Collection entries
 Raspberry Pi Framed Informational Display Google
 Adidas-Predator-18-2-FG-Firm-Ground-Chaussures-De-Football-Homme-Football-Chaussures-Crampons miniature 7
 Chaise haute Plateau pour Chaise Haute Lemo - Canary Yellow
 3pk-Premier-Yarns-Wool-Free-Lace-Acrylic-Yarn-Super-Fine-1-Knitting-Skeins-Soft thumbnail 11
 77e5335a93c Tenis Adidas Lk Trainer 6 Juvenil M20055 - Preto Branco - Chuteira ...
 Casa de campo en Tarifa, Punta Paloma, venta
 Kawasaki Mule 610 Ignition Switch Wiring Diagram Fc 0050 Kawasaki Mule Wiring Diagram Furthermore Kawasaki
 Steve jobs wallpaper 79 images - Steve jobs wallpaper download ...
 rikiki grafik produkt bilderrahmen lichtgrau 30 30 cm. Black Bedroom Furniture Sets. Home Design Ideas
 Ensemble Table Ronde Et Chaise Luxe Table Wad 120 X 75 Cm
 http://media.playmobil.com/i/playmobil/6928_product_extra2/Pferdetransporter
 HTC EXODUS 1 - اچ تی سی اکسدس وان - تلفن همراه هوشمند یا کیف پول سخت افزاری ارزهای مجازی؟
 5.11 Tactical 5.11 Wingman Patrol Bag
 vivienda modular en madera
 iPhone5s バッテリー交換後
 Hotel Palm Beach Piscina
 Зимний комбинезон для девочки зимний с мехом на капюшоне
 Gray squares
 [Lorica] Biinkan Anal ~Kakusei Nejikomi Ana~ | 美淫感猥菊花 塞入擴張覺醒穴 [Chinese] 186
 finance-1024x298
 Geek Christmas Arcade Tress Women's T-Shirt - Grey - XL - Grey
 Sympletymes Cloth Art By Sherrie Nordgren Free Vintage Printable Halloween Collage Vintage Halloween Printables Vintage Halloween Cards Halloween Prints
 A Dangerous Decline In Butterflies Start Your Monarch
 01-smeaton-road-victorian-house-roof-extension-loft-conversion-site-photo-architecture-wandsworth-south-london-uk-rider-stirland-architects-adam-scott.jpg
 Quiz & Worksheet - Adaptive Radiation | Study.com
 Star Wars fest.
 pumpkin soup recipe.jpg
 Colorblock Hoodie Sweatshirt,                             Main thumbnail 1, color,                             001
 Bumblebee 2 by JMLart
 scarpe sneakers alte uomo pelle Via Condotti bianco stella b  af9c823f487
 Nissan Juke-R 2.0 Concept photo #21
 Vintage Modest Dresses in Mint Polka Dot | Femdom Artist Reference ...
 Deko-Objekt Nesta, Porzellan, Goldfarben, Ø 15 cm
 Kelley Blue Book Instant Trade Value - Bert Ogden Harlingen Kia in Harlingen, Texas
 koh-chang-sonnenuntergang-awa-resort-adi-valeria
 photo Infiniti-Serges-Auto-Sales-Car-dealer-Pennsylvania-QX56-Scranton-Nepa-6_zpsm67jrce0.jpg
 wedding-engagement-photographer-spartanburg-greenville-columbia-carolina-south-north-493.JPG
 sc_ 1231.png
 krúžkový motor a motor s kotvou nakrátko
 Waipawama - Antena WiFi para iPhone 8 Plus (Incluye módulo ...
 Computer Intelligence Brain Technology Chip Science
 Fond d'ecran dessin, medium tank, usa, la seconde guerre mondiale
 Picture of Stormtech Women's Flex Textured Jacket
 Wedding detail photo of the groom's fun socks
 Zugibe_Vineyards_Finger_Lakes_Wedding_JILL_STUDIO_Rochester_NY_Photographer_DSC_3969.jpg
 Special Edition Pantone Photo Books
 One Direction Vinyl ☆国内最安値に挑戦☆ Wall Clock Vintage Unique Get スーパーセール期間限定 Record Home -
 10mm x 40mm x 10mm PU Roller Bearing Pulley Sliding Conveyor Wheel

TASK:
Please copy out each entry exactly as it appears above.

SOLVED PROBLEM:
 Raspberry Pi Framed Informational Display Google
 Adidas-Predator-18-2-FG-Firm-Ground-Chaussures-De-Football-Homme-Football-Chaussures-Crampons miniature 7
 Chaise haute Plateau pour Chaise Haute Lemo - Canary Yellow
 3pk-Premier-Yarns-Wool-Free-Lace-Acrylic-Yarn-Super-Fine-1-Knitting-Skeins-Soft thumbnail 11
 77e5335a93c Tenis Adidas Lk Trainer 6 Juvenil M20055 - Preto Branco - Chuteira ...
 Casa de campo en Tarifa, Punta Paloma, venta
 Kawasaki Mule 610 Ignition Switch Wiring Diagram Fc 0050 Kawasaki Mule Wiring Diagram Furthermore Kawasaki
 Steve jobs wallpaper 79 images - Steve jobs wallpaper download ...
 rikiki grafik produkt bilderrahmen lichtgrau 30 30 cm. Black Bedroom Furniture Sets. Home Design Ideas
 Ensemble Table Ronde Et Chaise Luxe Table Wad 120 X 75 Cm
 http://media.playmobil.com/i/playmobil/6928_product_extra2/Pferdetransporter
 HTC EXODUS 1 - اچ تی سی اکسدس وان - تلفن همراه هوشمند یا کیف پول سخت افزاری ارزهای مجازی؟
 5.11 Tactical 5.11 Wingman Patrol Bag
 vivienda modular en madera
 iPhone5s バッテリー交換後
 Hotel Palm Beach Piscina
 Зимний комбинезон для девочки зимний с мехом на капюшоне
 Gray squares
 [Lorica] Biinkan Anal ~Kakusei Nejikomi Ana~ | 美淫感猥菊花 塞入擴張覺醒穴 [Chinese] 186
 finance-1024x298
 Geek Christmas Arcade Tress Women's T-Shirt - Grey - XL - Grey
 Sympletymes Cloth Art By Sherrie Nordgren Free Vintage Printable Halloween Collage Vintage Halloween Printables Vintage Halloween Cards Halloween Prints
 A Dangerous Decline In Butterflies Start Your Monarch
 01-smeaton-road-victorian-house-roof-extension-loft-conversion-site-photo-architecture-wandsworth-south-london-uk-rider-stirland-architects-adam-scott.jpg
 Quiz & Worksheet - Adaptive Radiation | Study.com
 Star Wars fest.
 pumpkin soup recipe.jpg
 Colorblock Hoodie Sweatshirt,                             Main thumbnail 1, color,                             001
 Bumblebee 2 by JMLart
 scarpe sneakers alte uomo pelle Via Condotti bianco stella b  af9c823f487
 Nissan Juke-R 2.0 Concept photo #21
 Vintage Modest Dresses in Mint Polka Dot | Femdom Artist Reference ...
 Deko-Objekt Nesta, Porzellan, Goldfarben, Ø 15 cm
 Kelley Blue Book Instant Trade Value - Bert Ogden Harlingen Kia in Harlingen, Texas
 koh-chang-sonnenuntergang-awa-resort-adi-valeria
 photo Infiniti-Serges-Auto-Sales-Car-dealer-Pennsylvania-QX56-Scranton-Nepa-6_zpsm67jrce0.jpg
 wedding-engagement-photographer-spartanburg-greenville-columbia-carolina-south-north-493.JPG
 sc_ 1231.png
 krúžkový motor a motor s kotvou nakrátko
 Waipawama - Antena WiFi para iPhone 8 Plus (Incluye módulo ...
 Computer Intelligence Brain Technology Chip Science
 Fond d'ecran dessin, medium tank, usa, la seconde guerre mondiale
 Picture of Stormtech Women's Flex Textured Jacket
 Wedding detail photo of the groom's fun socks
 Zugibe_Vineyards_Finger_Lakes_Wedding_JILL_STUDIO_Rochester_NY_Photographer_DSC_3969.jpg
 Special Edition Pantone Photo Books
 One Direction Vinyl ☆国内最安値に挑戦☆ Wall Clock Vintage Unique Get スーパーセール期間限定 Record Home -
 10mm x 40mm x 10mm PU Roller Bearing Pulley Sliding Conveyor Wheel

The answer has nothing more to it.